Member of the Scottish Parliament for Mid Scotland and Fife
- In office 6 May 1999 – 31 March 2003

Personal details
- Born: 21 November 1938 Chipping Norton, Oxfordshire, England
- Died: 15 November 2021 (aged 82) Redon, Ille-et-Vilaine, France
- Party: Scottish People's Alliance (2003–2010)
- Other political affiliations: Scottish Conservative (before 2003)

= Keith Harding =

Scottish Conservative politician (1938–2021)

Keith Harding (21 November 1938 – 15 November 2021) was a Scottish politician who served as a Conservative Member of the Scottish Parliament (MSP) for Mid Scotland and Fife from 1999 to 2003.

==Background==
Harding was leader of Stirling Council from 1991 to 1995. After being elected to Holyrood he was the Conservative spokesman on local government and housing.

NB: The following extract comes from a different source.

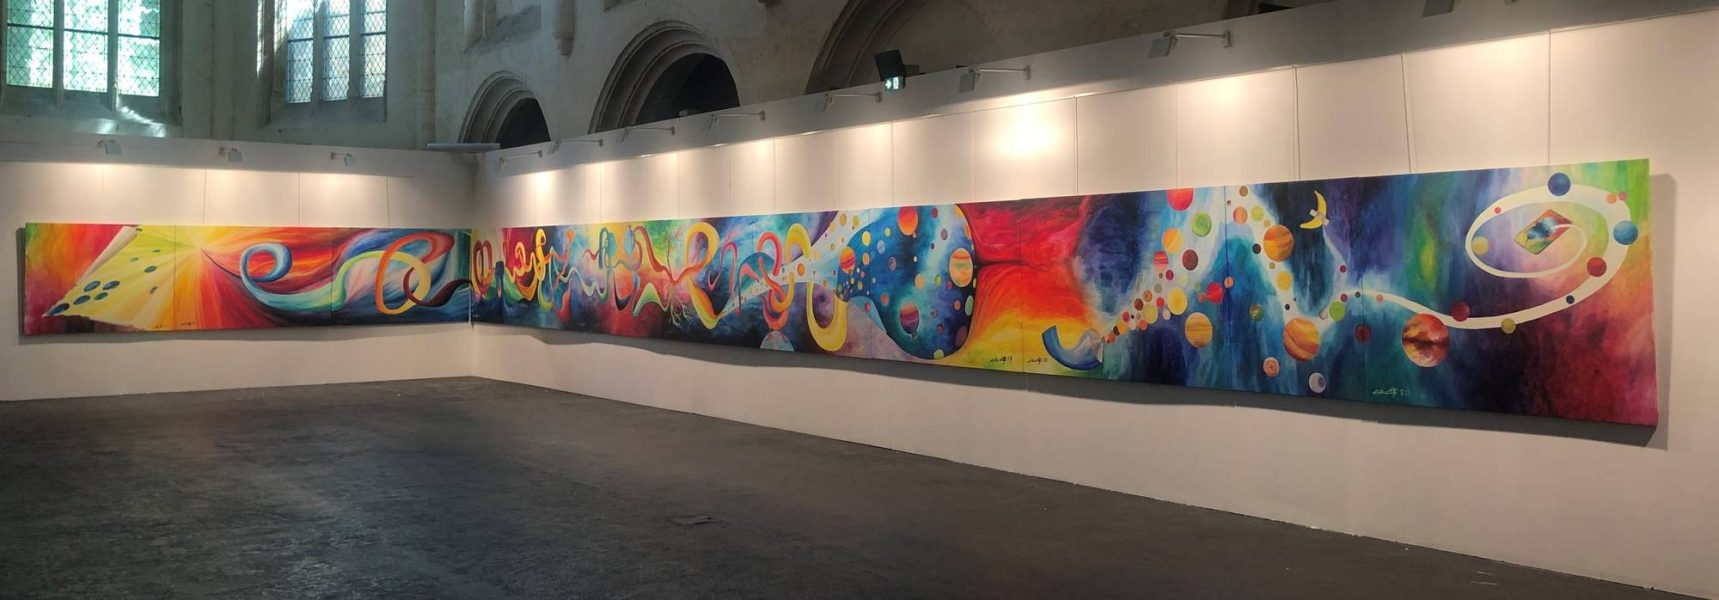 Crann Piorr'Art - Colournoscopy - Saint-Rémi

Prior to the 2003 election he was moved from first to fifth place on the Conservative's list for Mid Scotland and Fife. After parliament was dissolved he defected to the newly formed Scottish People's Alliance. He subsequently fought Stirling for the SPA but came in a poor sixth place with only 642 votes (2.2%).

Harding was a member of the national policy committee of the New Party, the successor to the SPA.

Keith Harding died in Redon, Ille-et-Vilaine, France on 15 November 2021, at the age of 82.